They maintain a long term perspective when setting financial goals and are patient in their pursuits.
Wealthy people diversify their investments across various asset classes to manage their risk.
Many of them are entrepreneurs who create and manage businesses as a means to build wealth.
They build and nurture professional networks opens doors to opportunities for investments, partnerships, and business growth.
They set clear, specific financial goals and regularly review and adjust their strategies to stay on track.
Wealthy individuals exercise discipline in their spending habits, avoiding impulse purchases and consistently saving and investing.
They assess and manage investment risks carefully, often with the guidance of financial advisors.

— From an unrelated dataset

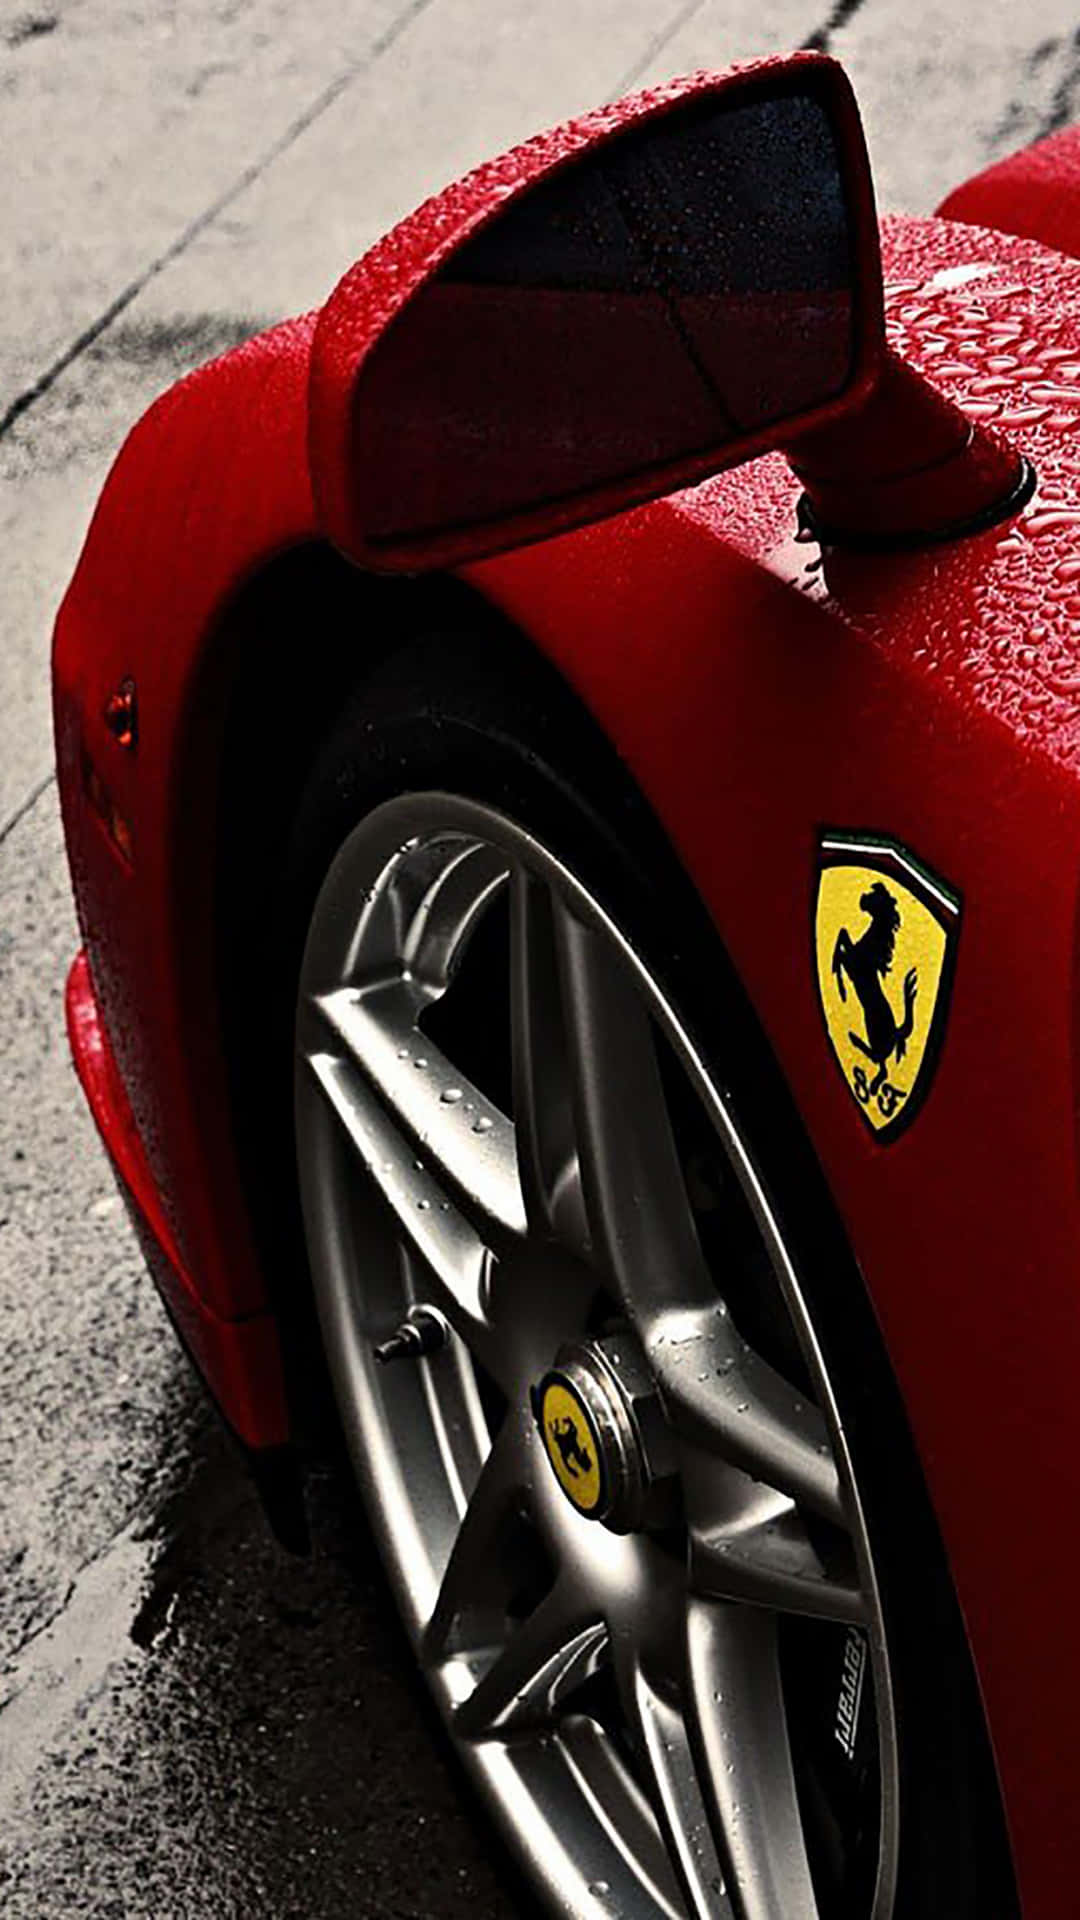 Get the Power and Prestige of a Ferrari with the iPhone X Wallpaper

Many engage in philanthropy and charitable giving, recognizing the importance of supporting their communities and causes they care about.
Wealthy people invest in their personal development, acquiring new skills and knowledge to increase their earning potential or make better investment decisions.
They use legal tax strategies to minimize tax liabilities, such as tax advantaged accounts and tax efficient investments.
Legal structures like trusts and estate planning are employed to safeguard assets and facilitate smooth wealth transfer.
Wealthy people can adapt to changing economic conditions and market trends by diversifying income sources and investments.
Building wealth often involves overcoming setbacks and failures, and the wealthy demonstrates the result of persistence in their pursuit of financial success.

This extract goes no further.